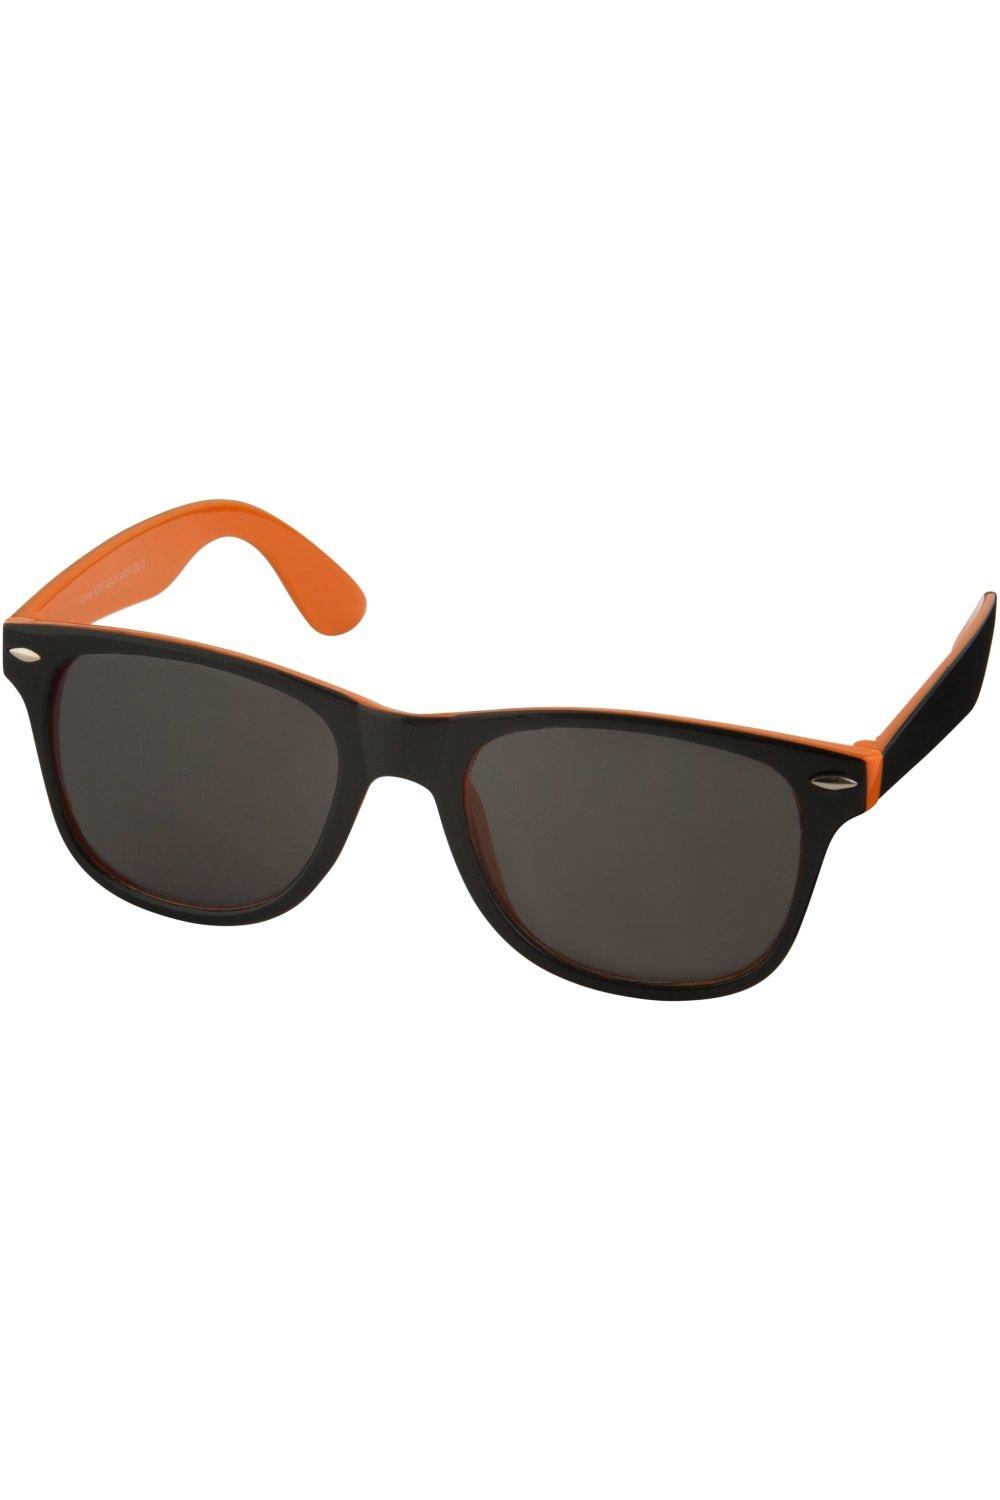 Солнцезащитные очки Sun Ray — черные с яркими акцентами (2 шт. в упаковке) Bullet, оранжевый фотографии
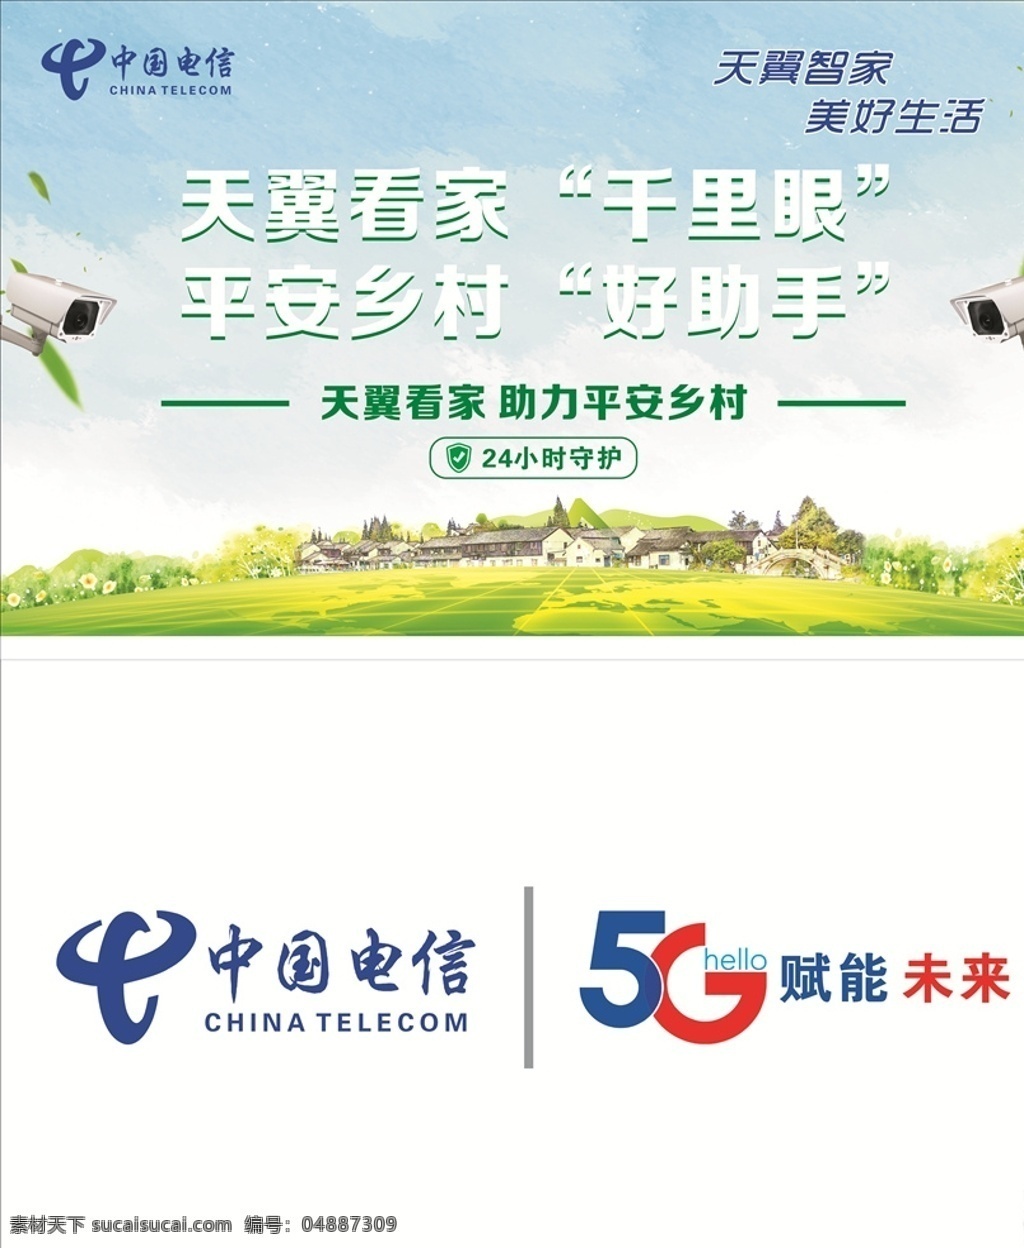 中国电信 5g图片 中国 电信 5g 赋能 未来
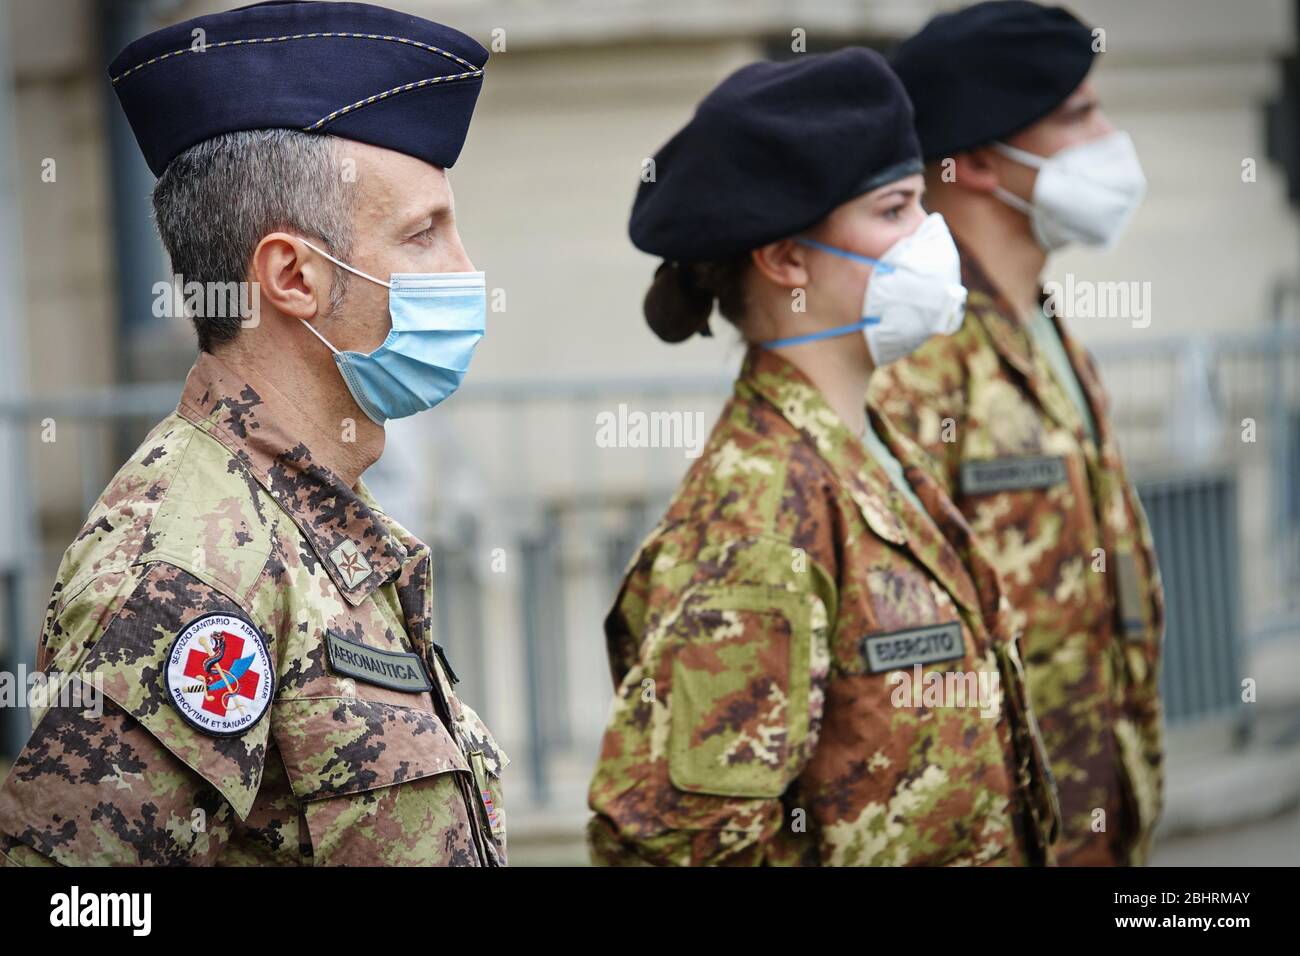 Nuove infermiere militari da impiegare nelle case di cura per aiutare il sistema sanitario regionale a far fronte all’emergenza del coronavirus. Torino, Italia - Aprile 2020 Foto Stock

What is required>
Every line of the data should be copied as it stands, without the images.

Solution to the problem>
 Солнцезащитные очки Sun Ray — черные с яркими акцентами (2 шт. в упаковке) Bullet, оранжевый фотографии
 中国电信 5g图片 中国 电信 5g 赋能 未来
 Nuove infermiere militari da impiegare nelle case di cura per aiutare il sistema sanitario regionale a far fronte all’emergenza del coronavirus. Torino, Italia - Aprile 2020 Foto Stock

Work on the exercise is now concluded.